Publié le 17 février 2026 à 01h37. La transition énergétique mondiale redessine les équilibres commerciaux, avec une forte croissance attendue du commerce des véhicules électriques et des technologies associées, tandis que celui des combustibles fossiles devrait stagner, voire décliner. Une étude de BloombergNEF prévoit des changements majeurs dans les flux commerciaux d’ici 2050.
- Le commerce des véhicules électriques (VE) et des batteries devrait être multiplié par quatre d’ici 2035, atteignant 880 milliards de dollars (contre 234 milliards de dollars en 2024).
- Le commerce des combustibles fossiles devrait atteindre un plateau autour de 3 000 milliards de dollars jusqu’en 2030, avant d’entamer un déclin progressif.
- La Chine devrait devenir un exportateur majeur de technologies propres, transformant son déficit commercial énergétique en excédent d’ici la fin des années 2030.

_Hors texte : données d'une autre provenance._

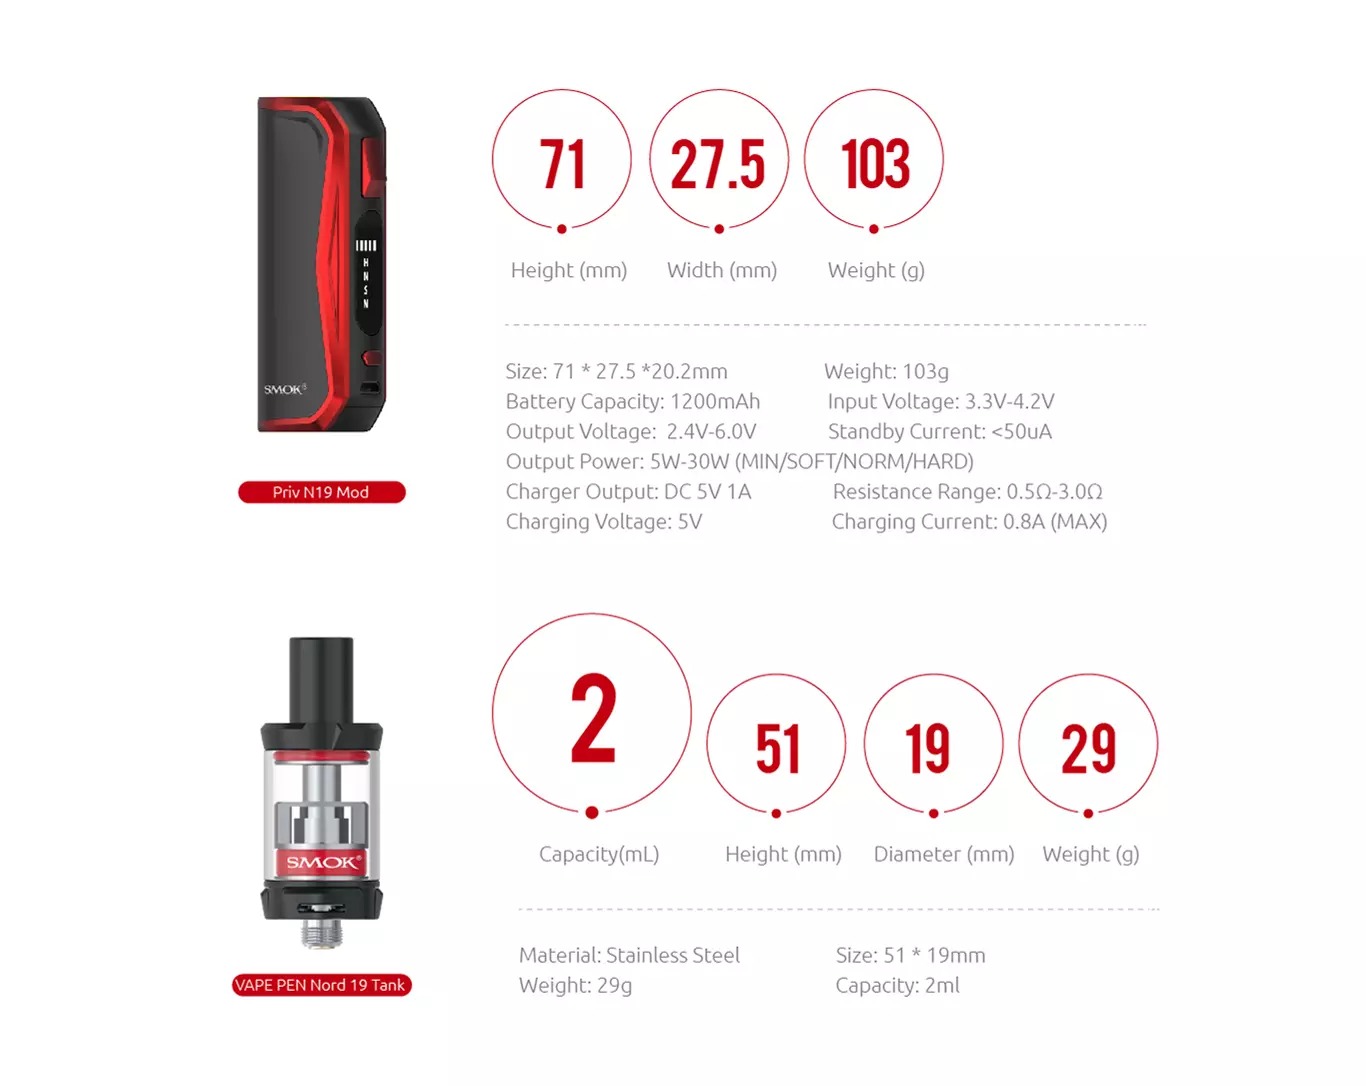 Smok Priv N19 Vape Kit Specifications

La transition mondiale vers des sources d’énergie plus sûres et moins émettrices de carbone transforme en profondeur les échanges internationaux. Si l’énergie propre ne représentait que 2,2 % du commerce mondial de marchandises en 2024, cette part est appelée à croître de manière significative à mesure que la transition s’accélère. L’année dernière, les investissements dans les actifs bas carbone ont atteint un niveau record de 2,3 billions de dollars, soit une augmentation de 8 % par rapport à 2023.
Pour la première fois, BloombergNEF a élaboré des projections des flux commerciaux jusqu’en 2050, couvrant 28 géographies et 28 catégories de produits influencées par la transition énergétique. Ces catégories incluent les véhicules électriques, les modules solaires, les batteries, les métaux pour batteries, mais aussi les combustibles fossiles, les véhicules à moteur à combustion interne et d’autres biens. Ces prévisions sont basées sur plusieurs scénarios issus de son rapport propriétaire New Energy Outlook et des travaux de la Network for Greening the Financial System.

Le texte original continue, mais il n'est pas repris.